I understand that she can come to the public school programs but she showed up on Valentine's Day which is not open to the public only family members.
 

AkersTile

Member
I'm thinking that you have enough to probably get a child protection order against Grandma. You can check with your county on that.

Wait for the Seniors to see what other responses you get though.

Good Luck!
 

LdiJ

Senior Member
The grandmother is not a loving person. She had no relationship with my ex husband or our family when we were married. After being married for almost 5 years I took the effort to try to build a relationship with this woman. We had not seen or heard from her in all that time. I called her, at that time, for the sake of my children. Even after making contact, we rarely saw or spoke to her. Once my ex and I divorced, she was nothing but hateful to me and my children. She referred to them as "flea bags." She called my 11 year old (she was 9 at the time) and during their conversation began calling me names and my daughter told her she wouldn't listen to it and hung up. The next time my kids went to their father's for visitation, they saw their grandmother and she yelled at my daughter and called her "fatty" and "stupid." It was so bad that my daughter was hysterical. My ex called me to come get her (that was the last time he got her, his choice). When I got there she was crying and scratching her face.

I went to pick the kids up one day and she didn't want to let me have them because my ex hadn't been there yet (he had 2 days but had spent them out drinking instead). I told her is wasn't my problem his time was up. She attempted to slam the door in my face, but i stuck my foot in the door to prevent it. At that point she smacked me in the head with a cordless phone. I got my children then got a restraining order. She was not allowed to see the children for 6 months. By that time my ex had stopped getting the children at all and within 6 months of that he had signed over his rights.

If she was a decent person it would be different. There are members of my ex's family who we see and have a good relationship with.
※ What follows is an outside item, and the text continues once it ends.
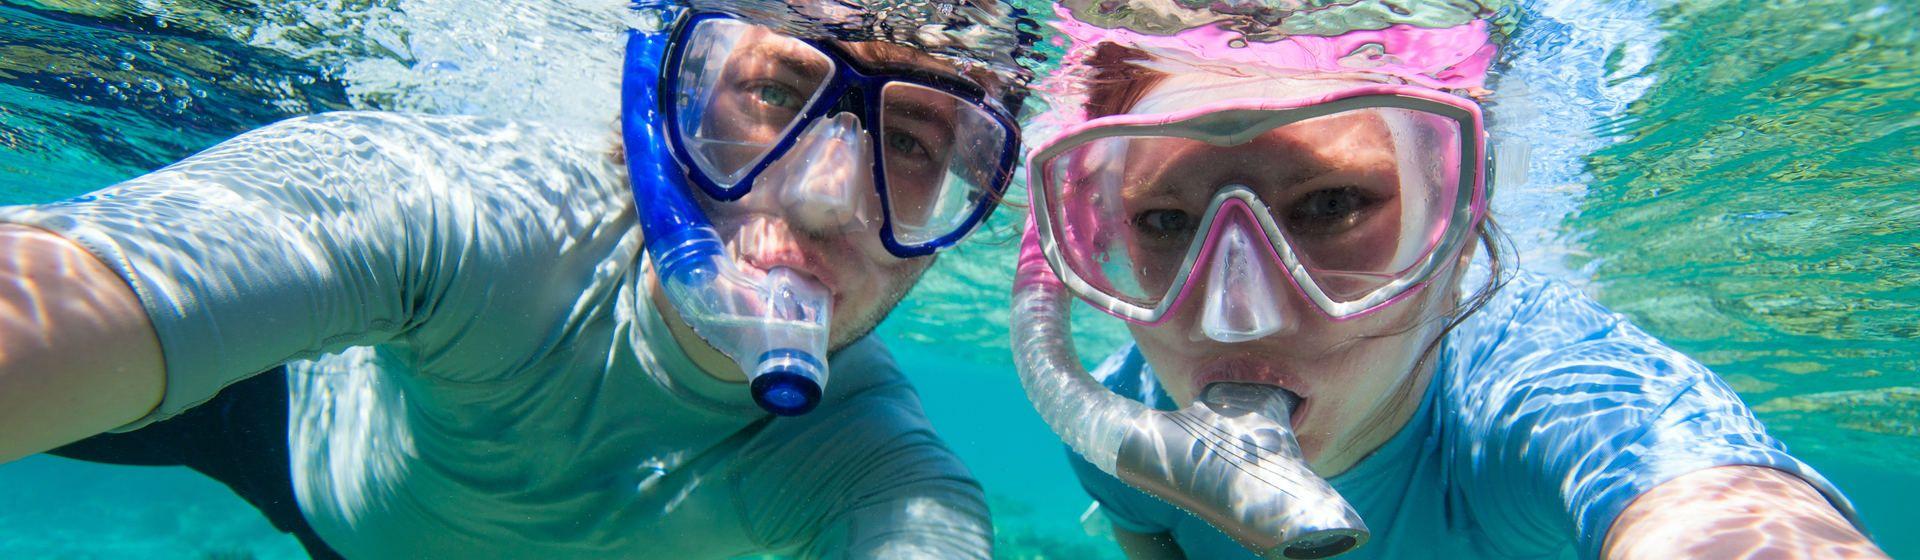 Como tirar fotos embaixo d'água? Dicas para conseguir a foto perfeita

The only reason she is showing up is to torment me and my children.

I understand that she can come to the public school programs but she showed up on Valentine's Day which is not open to the public only family members.
You tell the school that grandma is not to have access to the children at any time.

You go and get another restraining order since grandma is exhibiting harassing behavior again.

She has absolutely no relationship with the children so she could never win a visitation suit.